Reflections of a Rogue
Writing is hard.
Writing this was harder.
For the better part of four years, three Galleries of commendations, and 325 published reviews, I have sped the highways of Southeast and mid-Michigan to consume and champion its professional theatrical productions. Now, after serious assessment and heartrending reflection, I have made one of the most difficult decisions in my professional life. The Rogue Critic will not be making the foray into the 2013–2014 season.
When I began this project, I had no conception of the magnitude of the thing I was undertaking. Nor did I anticipate what a positive response I would receive from the community, which generously and consistently reached out to me to attend new productions and expand my coverage. As supporting local professional theater and increasing press coverage was my mission, I was glad to fill my calendar with shows and use all of my available time and mental energy (beyond my full-time employment) to schedule and brand and code and correspond and Tweet and, above all, write. But increasingly over the last few seasons, it became clear that all of my available time and mental energy — in addition to being an incredibly draining and unsustainable prospect in its own right — still wasn't enough. No one's is, in the face of more than twenty active companies with full regular and late-night seasons and additional summer programming and more press announcements coming in all the time.
Thus, the right decision for me is to end the endeavor, cleanly, before committing to another overwhelming season. Scaling back would mean making impossible and possibly unfair decisions between shows, while still not fully addressing the massive burden of work. It would also make the Rogue's Gallery an incomplete, lopsided affair instead of the seasonal capstone that I've been so proud to present. Bringing on additional help would do nothing to eliminate my editorial duties, and add administrative ones besides. And either approach would likely keep me from seeing all the shows I wanted.
Luckily, in the past season I was invited to join the team of critics at EncoreMichigan.com, where I have had a steady review output since last January, and I will be staying on as a reviewer there. Knowing that I would still have a presence as a Michigan theater critic has been an enormous source of solace, and during the adjustment period when I revert back to being more of a patron and supporter, I know it will be quite helpful to still be able to contribute in the way I've grown accustomed.
There is leaving in this, of a sort, in that I am leaving my post here.
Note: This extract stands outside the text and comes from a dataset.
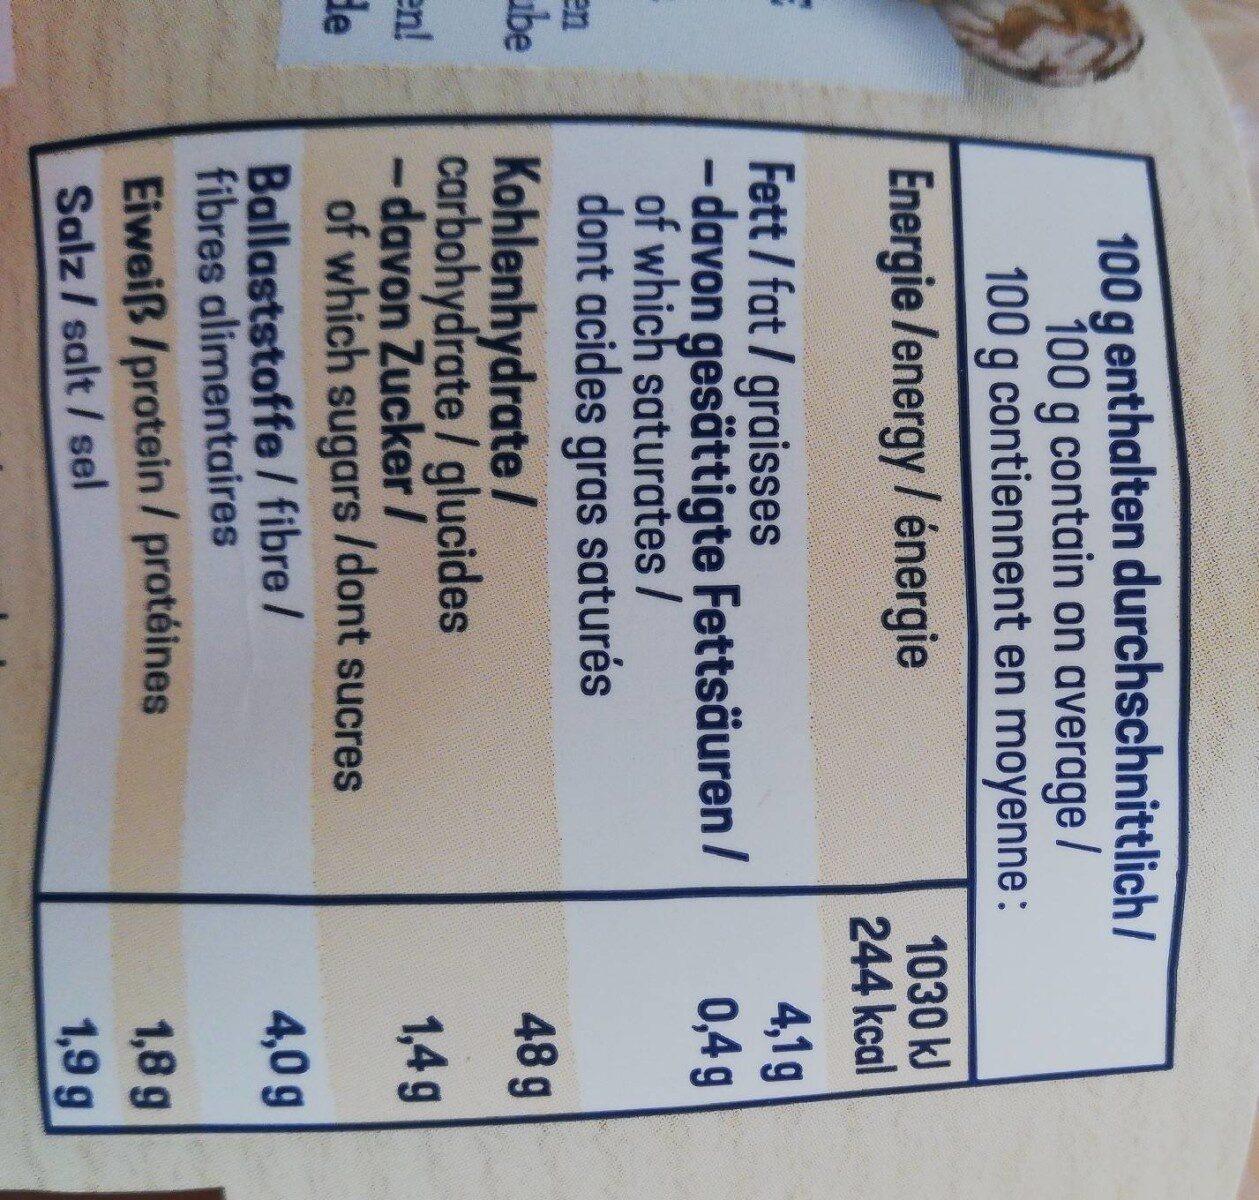 Laugenstangen glutenfrei - Nährwertangaben - de

Yet I have no intention of leaving the theater community that has so graciously welcomed me in. I've been reassuring myself that I can still go see as much theater as I want — and on the precipice of a new season, I can look over my calendar and confirm that is a lot. My hope is that my presence in the houses of Michigan theaters will remain ubiquitous. In fact, whenever I begin to picture my legacy as Rogue emeritus, a stirring speech from a classic book and movie always comes to mind. I'll share it with you here, because the absurdity gap between the context of the lofty original and the predicament of this little blogger is so ludicrously histrionic. (But then again, if you're going to cannibalize someone else's words for your benefit, go with the best.)
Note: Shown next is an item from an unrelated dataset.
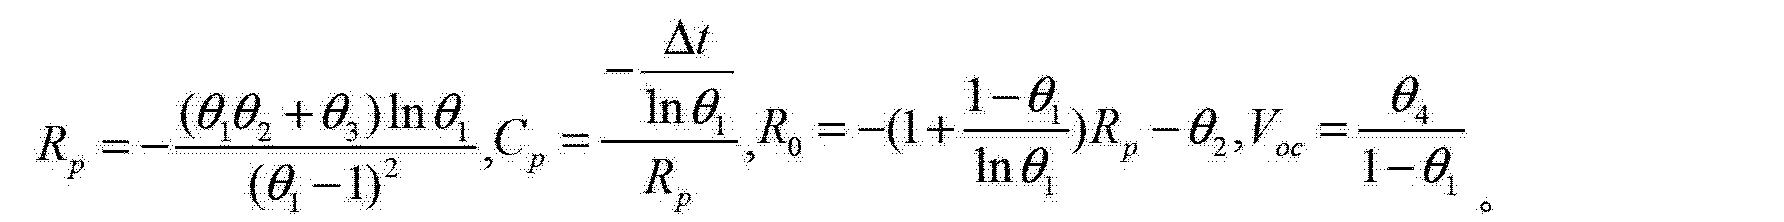 Figure CN102930173AD00052

Then I'll be all around in the dark — I'll be ever'where — wherever you look.
Wherever [they hold the curtain time so more seats can be squeezed in], I'll be there.
Wherever [a cell phone lets loose at the worst moment], I'll be there...
I'll be in the way [a raised voice asks "What'd he say?"] an' —
I'll be in the way [someone tries to cry without sniffling so hard she draws attention].
An' when our folk [make new spaces and expand their programming and extend their runs]—
—why, I'll be there.
Apologies to John Steinbeck
There'd be no me without you, readers and artists alike. Thanks to one and all, and keep your eyes peeled — you never know where you'll SPOT me next. I, for one, can't wait.